Wir werden Islamhass und Feindschaft nicht mit Vergeltung sondern mit mehr Offenheit, Liebe und Freundschaft besiegen.
Niemals dürfen wir Terror – egal ob er islamfeindlich daherkommt oder islammissbrauchend oder wie auch immer – niemals dürfen wir Terror als Brennstoff für noch mehr Hass, Konfrontation oder gar Gewalt verwenden. Niemals dürfen wir das Tun einzelner Menschen auf die Gesamtheit ihrer Religion oder Ethnie beziehen. So wie niemals der Islam und nicht „die“ Muslime verantwortlich sind für den Terror irregeleiteter Muslime, so sind niemals Christen, Neuseeländer, Australier oder „westliche Menschen“ für den Irrsinn des Terroristen verantwortlich, dessen Name hier nicht wiederholt werden soll. Wer so ein Denken propagiert, verstößt gegen den Geist des Islam, und ich glaube auch jeder anderen Religion. All denen müssen wir uns entgegenstellen.

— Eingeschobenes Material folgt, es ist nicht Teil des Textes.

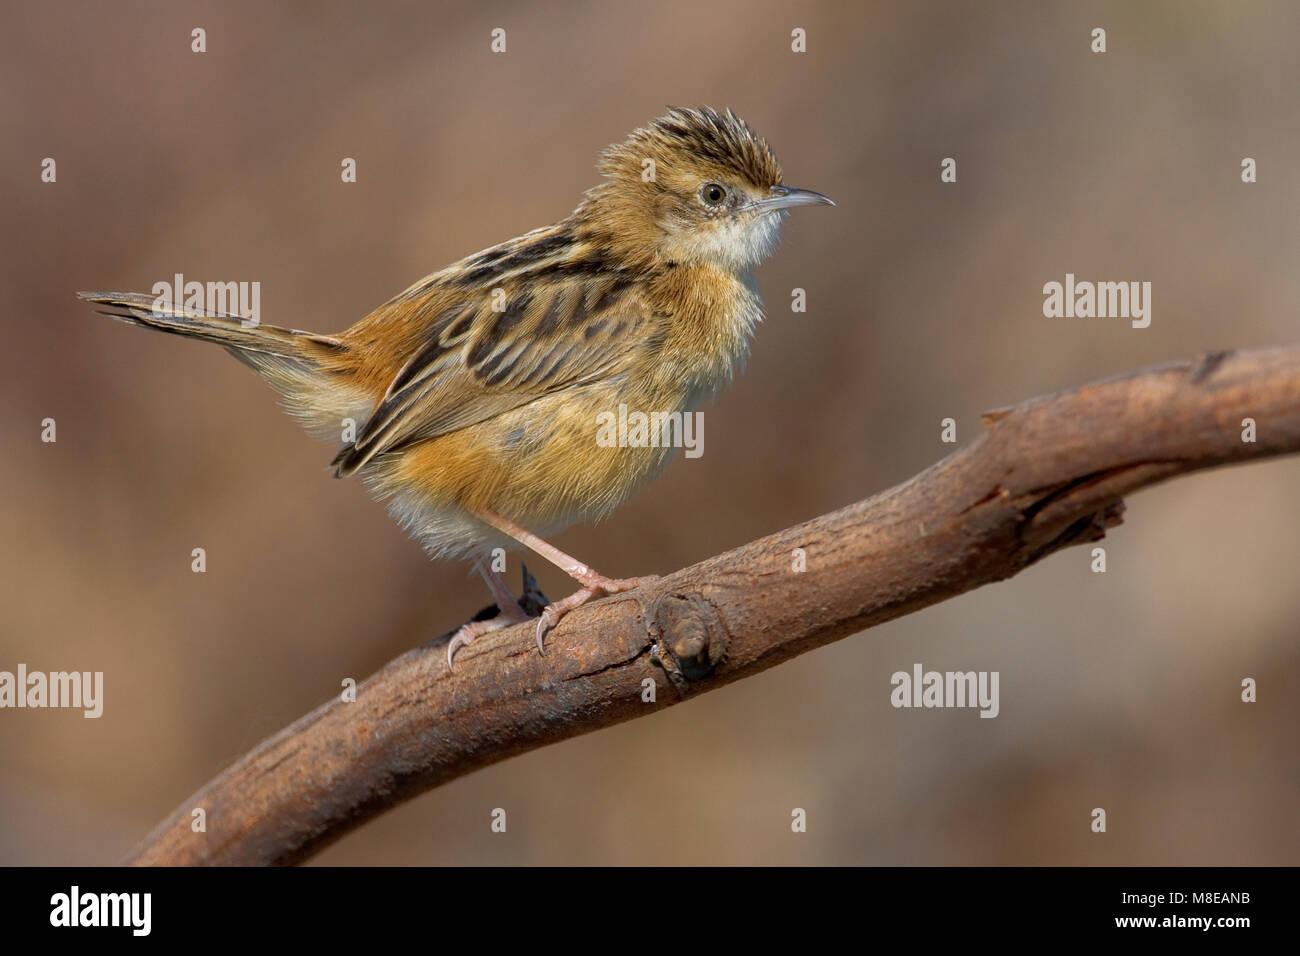 Graszanger op takje; Zitting Cisticola perched on twig - Stock Image

Wir Muslime bezeichnen einen Terrorakt eines Christen nicht als „christlichen Terror“. Deswegen bitten wir alle Menschen guten Willen, vor allem Politiker und Medien, den Begriff „islamistischer Terror“ NICHT zu verwenden, einfach weil darin der Name unsere Religion steckt. Terror darf nicht im Zusammenhang mit einer Religion verwendet werden
Wir alle, Muslime, Juden, Christen oder säkulare Menschen, müssen gemeinsam Hass, Rassismus und Gewalt widerstehen. Und das können wir, mit Gottes Hilfe, wenn wir füreinander miteinander zusammenstehen.
Wenn wir das nicht schaffen, wie ehrlich wäre dann heute unsere Betroffenheit?
Wenn wir das nicht schaffen, dann sind wir es nicht wert, der Opfer zu gedenken.